Vandana Shiva, Aktivistin, Philosophin
9. Dezember 2015Vandana Shiva ist nicht nur eine der wichtigsten Ökofeministinnen der Welt, sondern für viele Umweltschützer eine philosophisch-spirituelle Instanz. Von einer Traube hektischer Assistenten, Journalisten und Fans umringt, kommt sie am Konferenzzentrum an, die einen zerren nach links, die anderen nach rechts. Sie lächelt. Endlich im Saal, diskutiert sie mit jungen Aktivisten über den drohenden Untergang der Welt - und lächelt. Eine junge Aktivistin bricht in Tränen aus, aus lauter Frustration, dass "die da drüben" in den Verhandlungsräumen, wo keine Aktivisten, sondern nur Delegierte Zutritt haben, "die Realität nicht sehen und nichts tun." Vandana Shiva lächelt weiter:"Die Lösung ist nicht, dass wir daran verzweifeln." Weitermachen, aber ohne Verzweiflung, Angst, Frustration, sondern mit einem "offenen Herzen", das ist ihre Nachricht.

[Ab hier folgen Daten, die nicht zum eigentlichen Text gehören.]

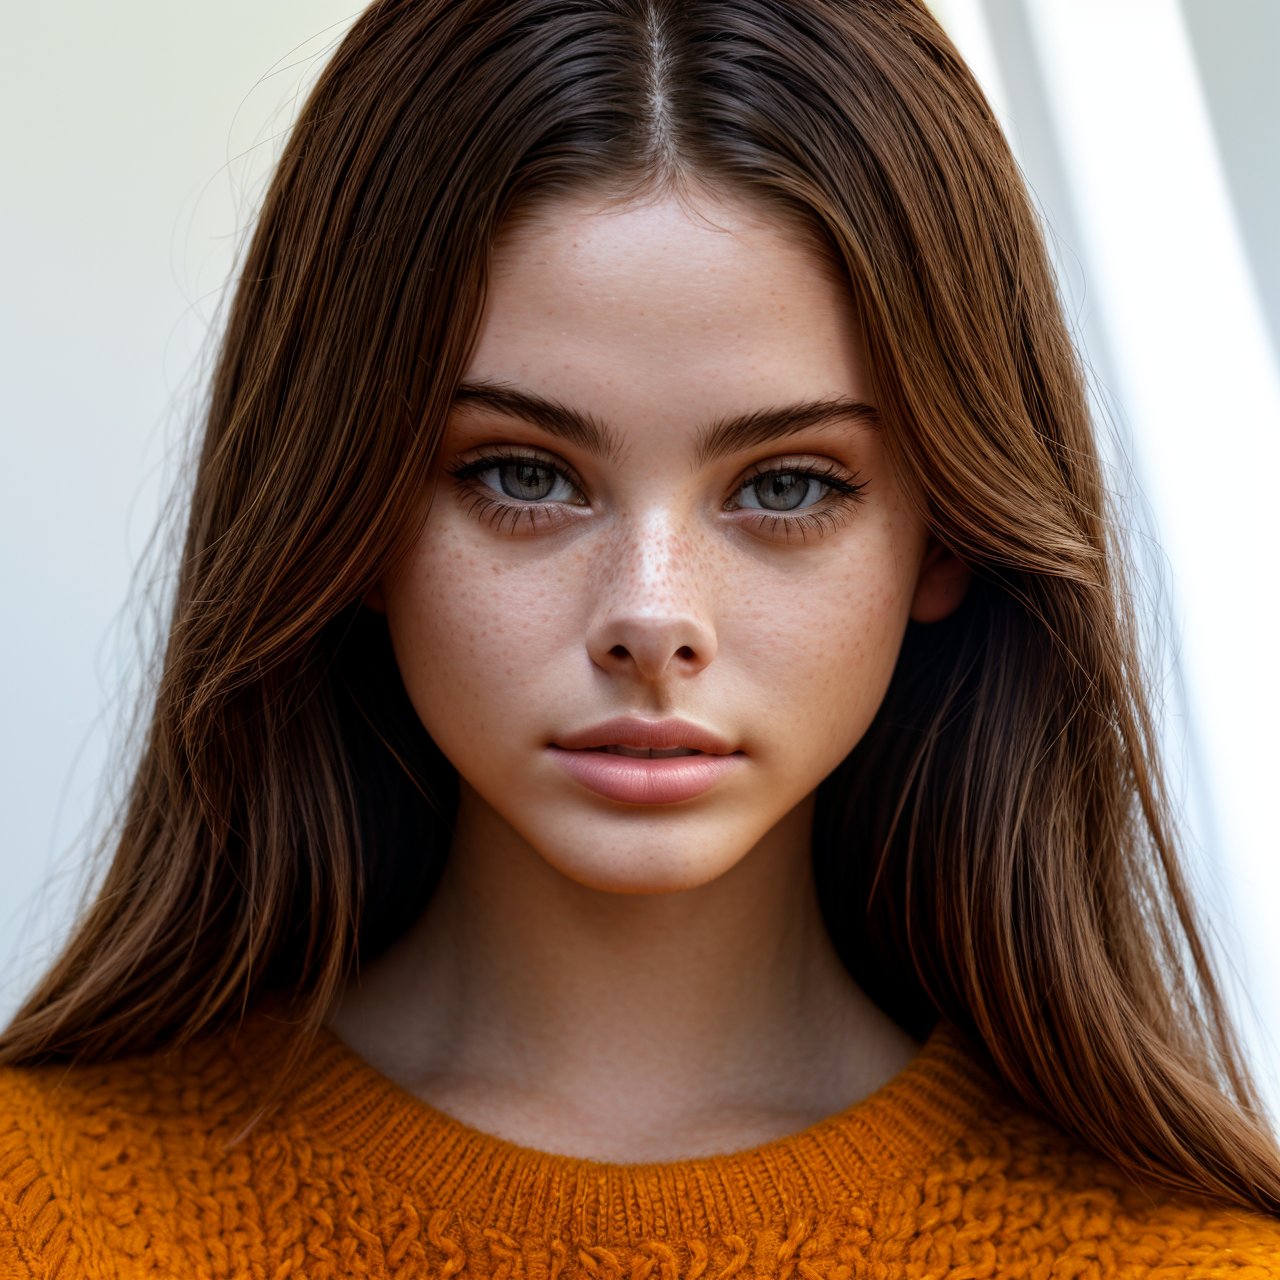 best quality, extra resolution, wallpaper view from above, portrait of cute (AIDA_LoRA_MeW2023:1.07) <lora:AIDA_LoRA_MeW2023:0.97> in (simple yellow sweater:1.1), [stunning woman], pretty face, naughty, funny, happy, playful, cinematic, composition, kkw-ph1, (colorful:1.1), (studio photo:1.1), (simple white background:1.1)

Die Ökofeministin ist Trägerin des „Right Livelihood Award“, dem alternativen Nobelpreis, Mitglied im Club of Rome. Außerdem: promovierte Quantenphysikerin und Saatgutschützerin, die in Indien Alternativen zu gentechnisch verändertem, patentierten Monsanto-Saatgut etabliert. Das Klimaproblem, sagt Vandana Shiva, sei auch ein Machtproblem, denn die mächtigeren Länder, die den Klimawandel verursacht hätten, wollten dafür keine Verantwortung übernehmen. Was ist ihre Nachricht an die Politiker, die nebenan in der abgeriegelten „Blue Zone“ diskutieren?
Shiva wuchs im indischen Himalaya auf. Mit ihrem Vater, einem Forstwirt, streifte sie viel durch das Gebirge. Wie beeinflusst der Klimawandel ihre Heimat? "Es gibt intensive Regenfälle, Überflutungen. In 2013 wurden 20.000 Menschen in meiner Heimatregion einfach weggewaschen. Und unsere Gletscher schmelzen. Der Gangotri-Gletscher, aus dem der Ganges entspringt, schrumpft 23 Meter pro Jahr. Beständige Flüsse wie der Ganges, die die indische Zivilisation und Landwirtschaft für Zehntausend Jahre unterstützt haben, werden in der absehbaren Zukunft zu saisonalen Flüssen. Das bedeutet den Tod einer Zivilisation." Shiva meint: Jetzt steht alles auf dem Spiel.
Was gibt ihr die Motivation, immer weiterzumachen? "Wenn du mit der Erde arbeitest, Samen pflanzst, das gibt dir viel Hoffnung. Denn aus einem Samen werden Tausende. Und die Erde gibt uns so viel mehr, als wir ihr geben. Diese Arbeit ist wie ein Jungbrunnen. Und ich fokussiere mich nicht auf die Zerstörung, sondern auf konstruktive Aktionen, Solidarität und Menschen." Die COP21 drehe sich um Menschen, ganz normale Bürger. An die Verhandlungsräume gerichtet, sagt sie: "Da findet eine Show statt. Aber das, was in Zukunft entscheidend sein wird, ist das hier, denn hier gibt es Engagement." Und das gebe ihr Hoffnung.